__Provided material__
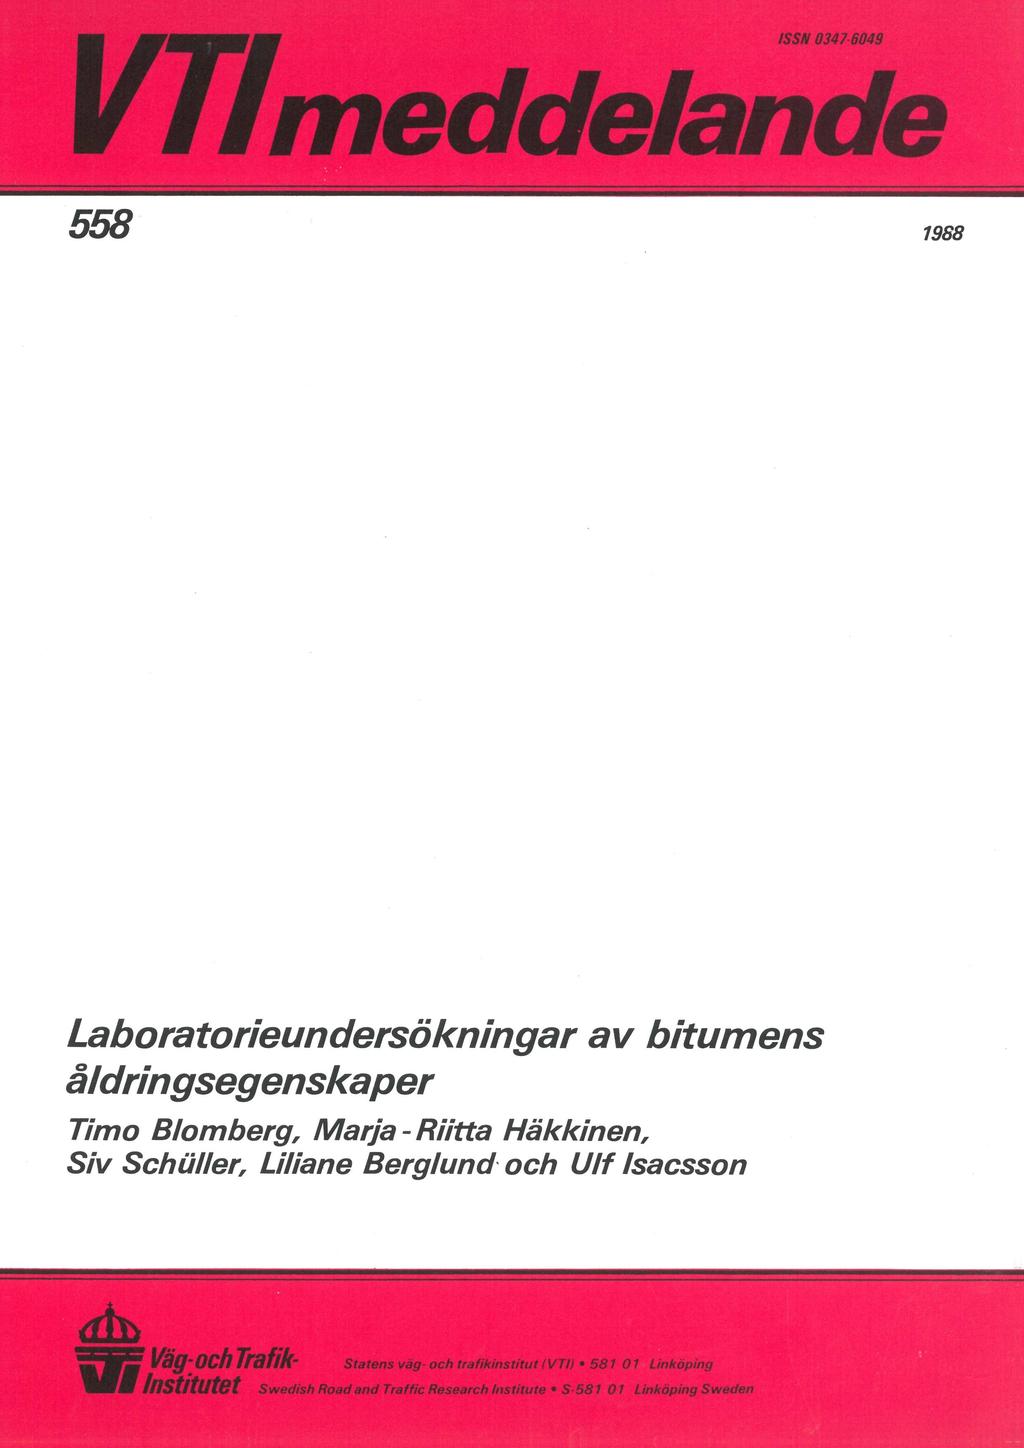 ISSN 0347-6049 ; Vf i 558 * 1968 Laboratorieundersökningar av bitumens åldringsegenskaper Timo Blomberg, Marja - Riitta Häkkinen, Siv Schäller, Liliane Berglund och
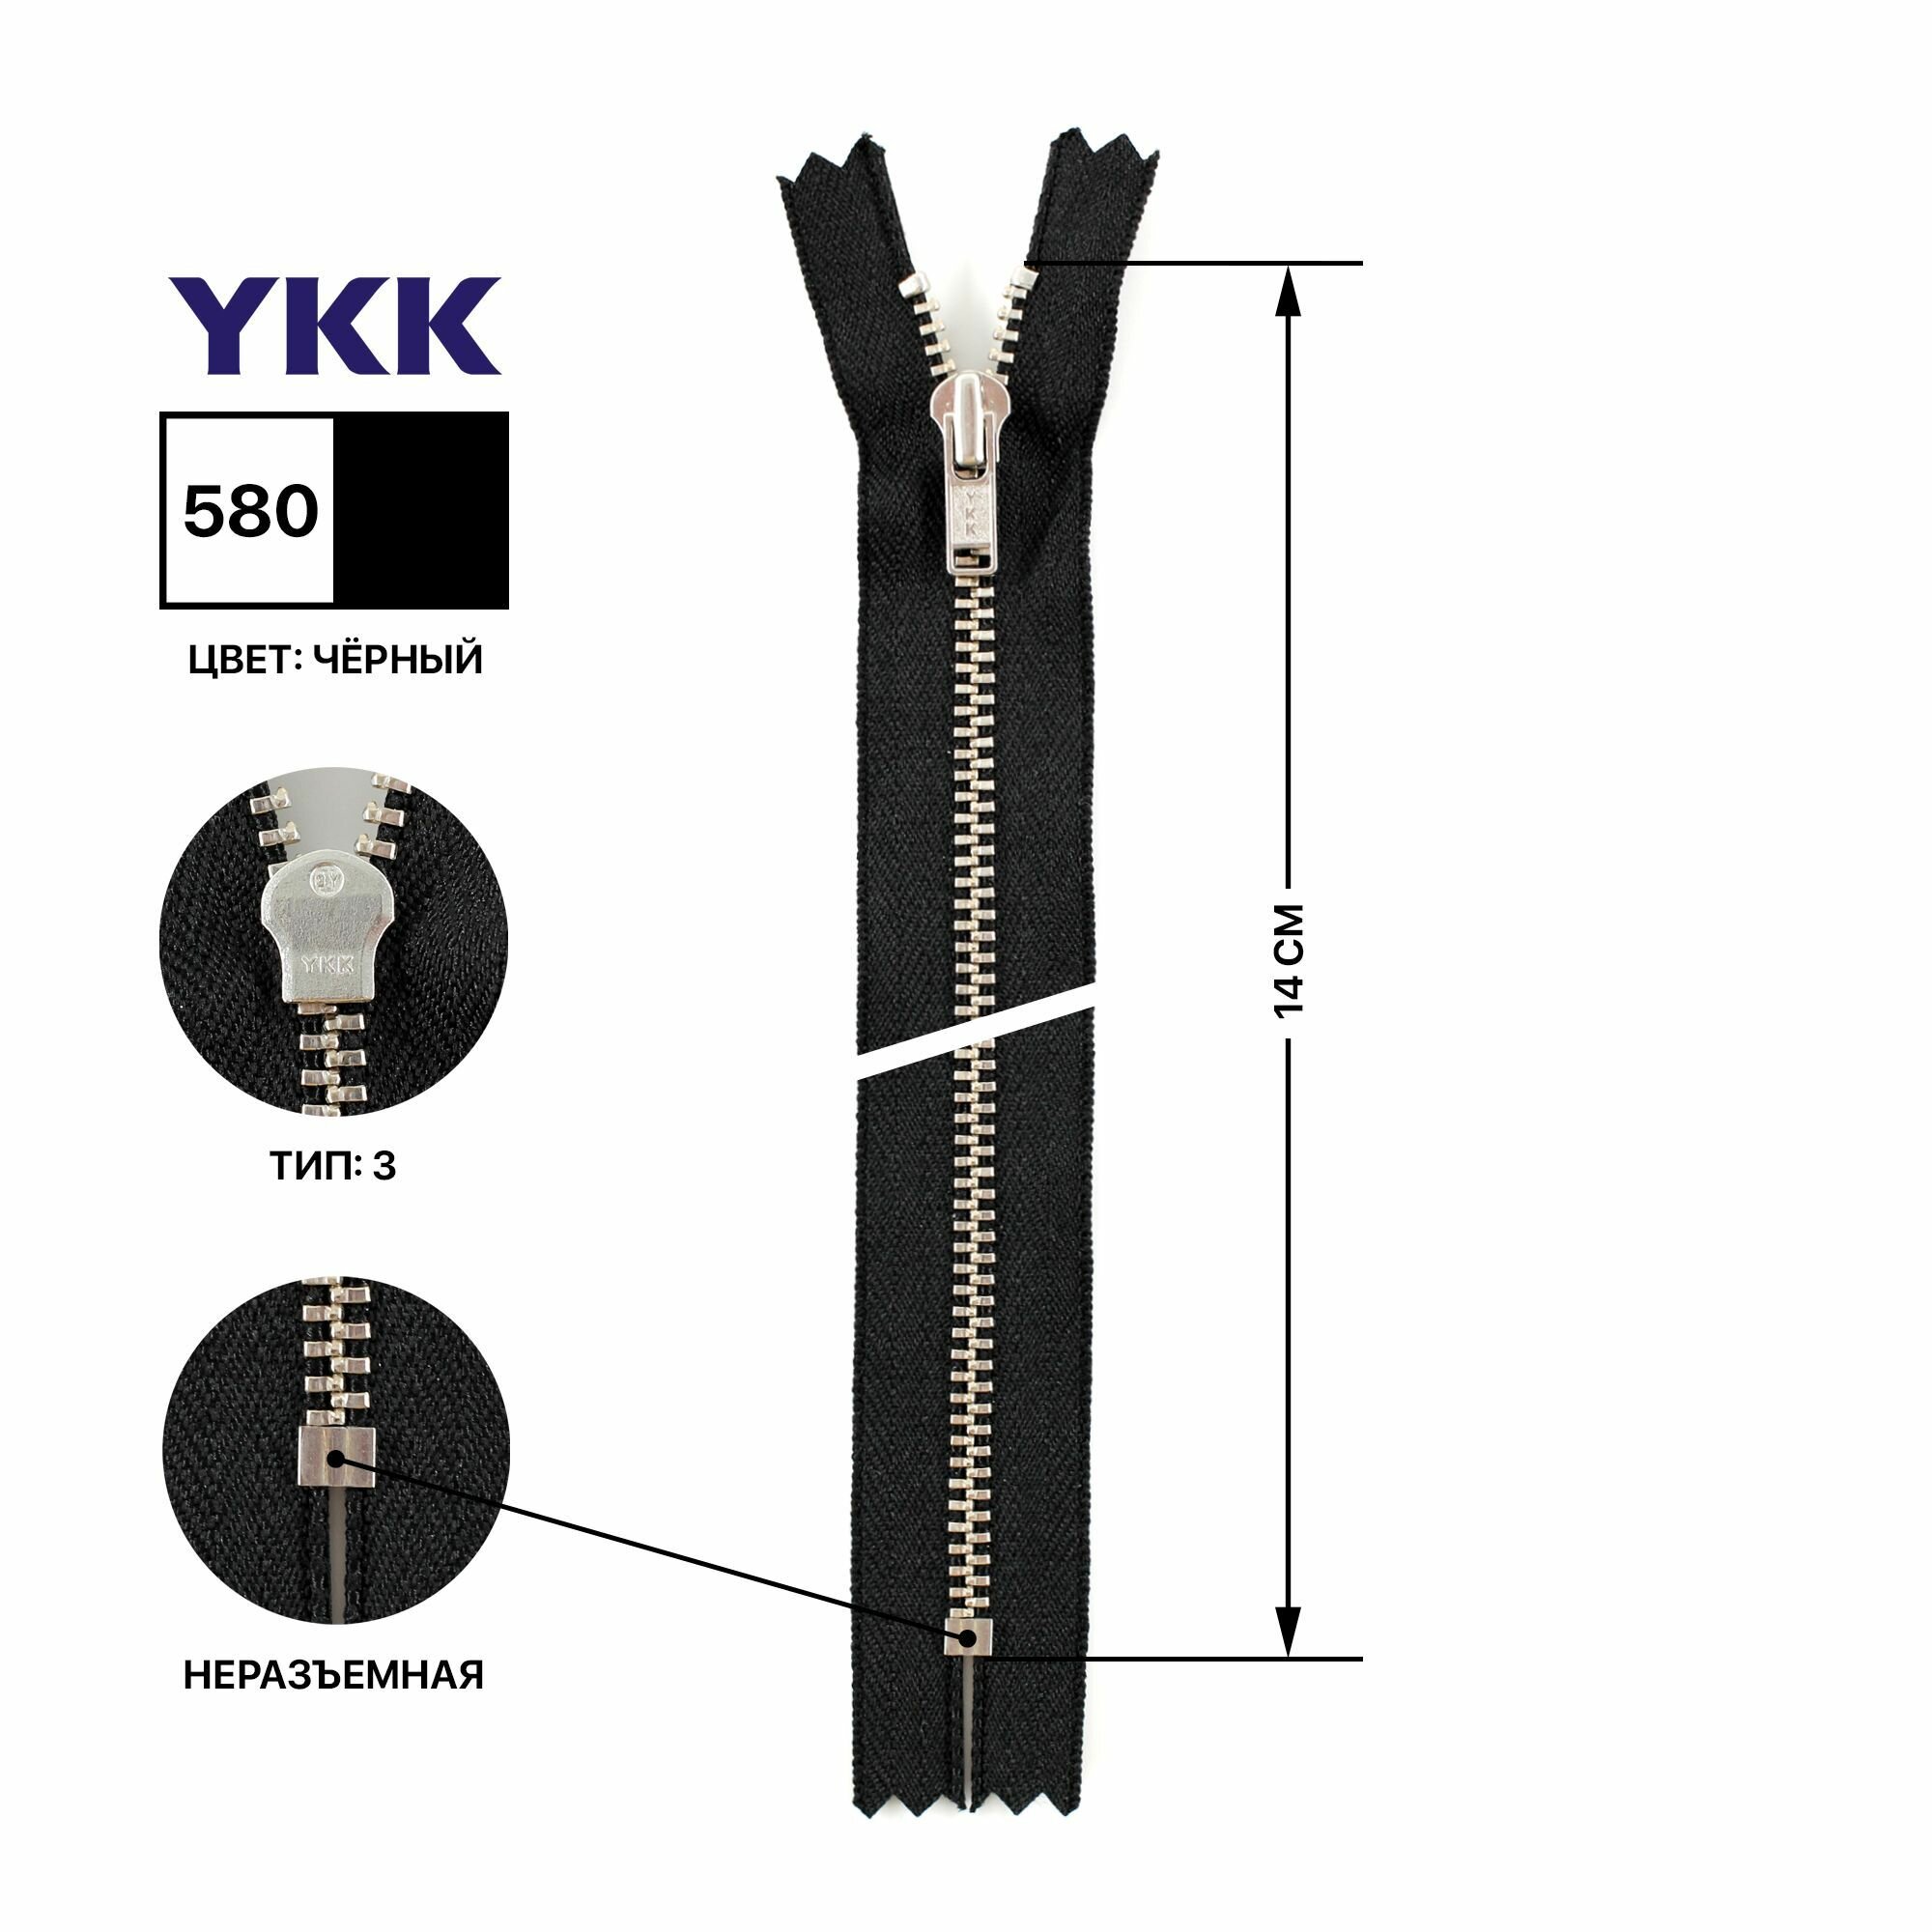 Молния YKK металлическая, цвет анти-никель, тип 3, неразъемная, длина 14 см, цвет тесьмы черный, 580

* * *

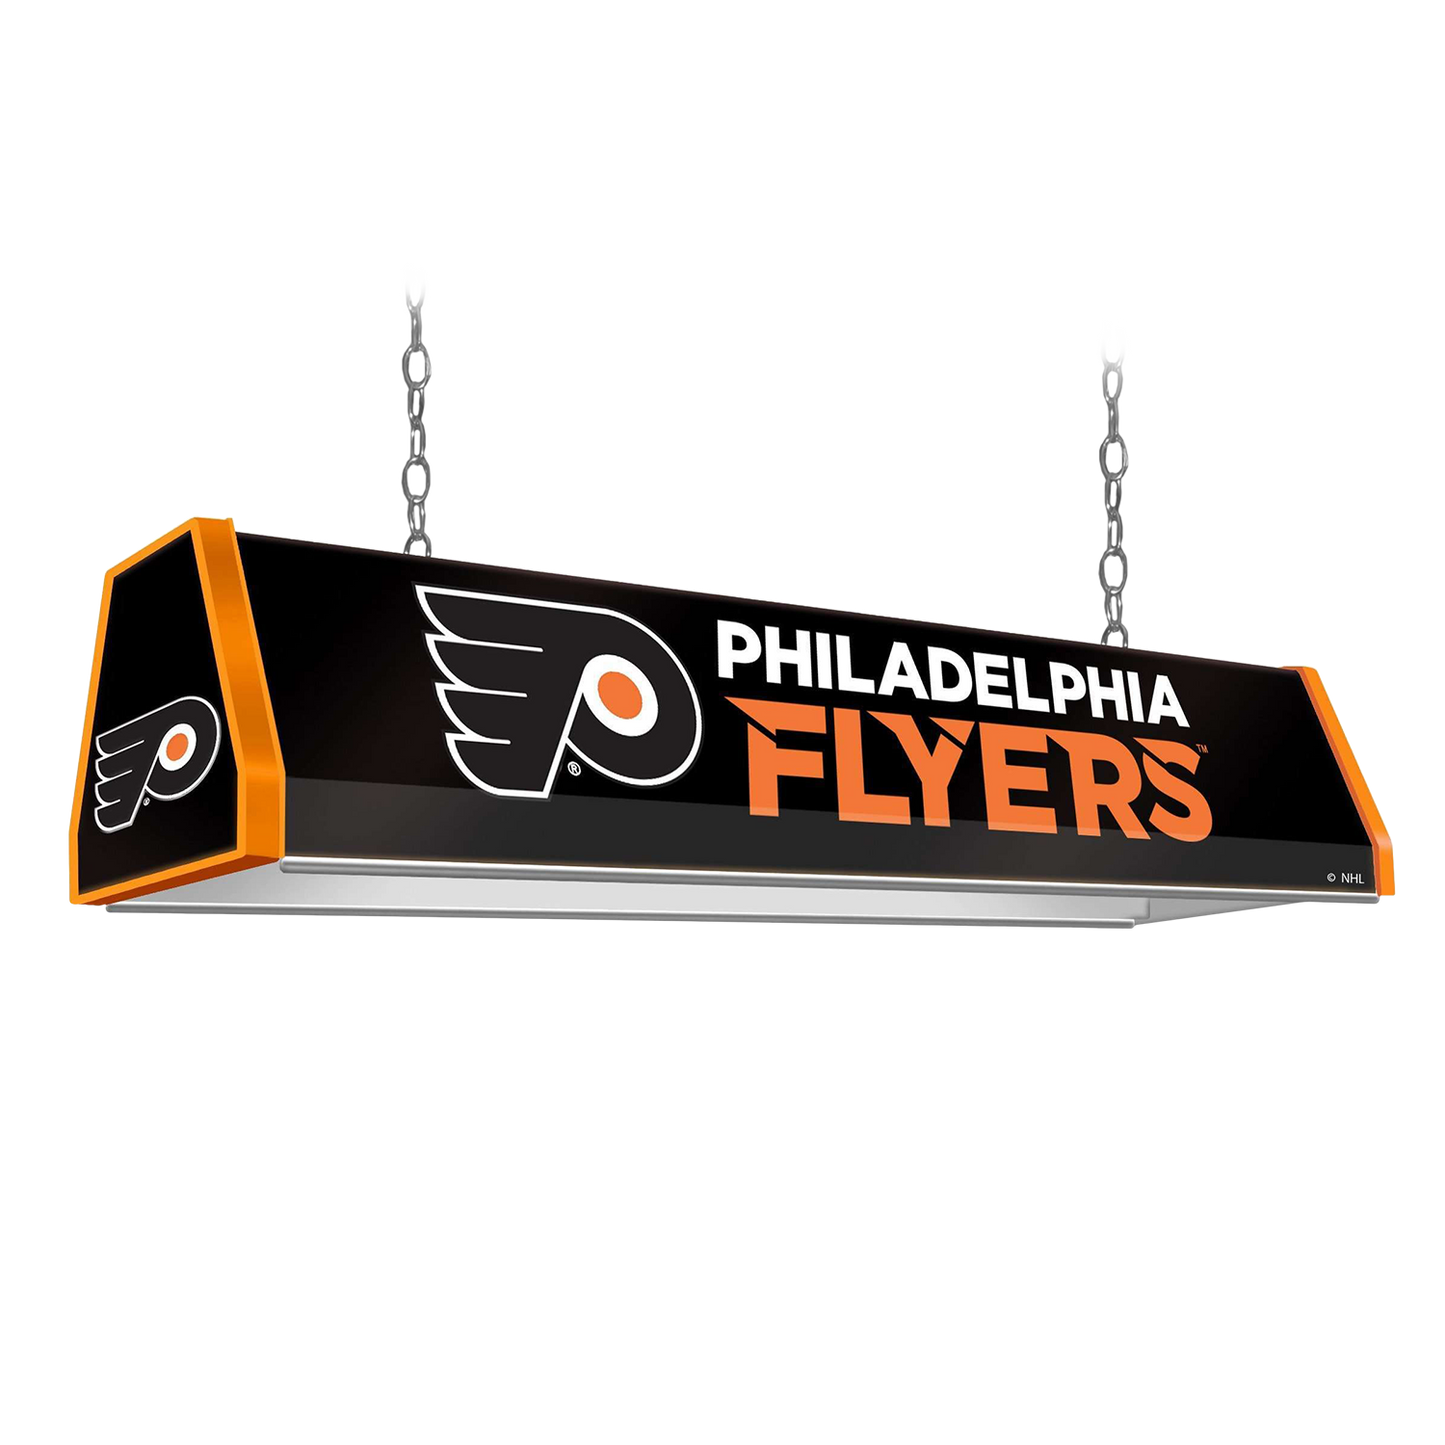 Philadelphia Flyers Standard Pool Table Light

__What is required__
Exactly reproduce the lines above, starting at the one that contains "ISSN 0347-6049 ;" and ending at the one that contains "Молния YKK металлическая, цвет", both inclusive; leave the pictures out and add no other lines.

__Reply to the task__
 ISSN 0347-6049 ; Vf i 558 * 1968 Laboratorieundersökningar av bitumens åldringsegenskaper Timo Blomberg, Marja - Riitta Häkkinen, Siv Schäller, Liliane Berglund och
 Молния YKK металлическая, цвет анти-никель, тип 3, неразъемная, длина 14 см, цвет тесьмы черный, 580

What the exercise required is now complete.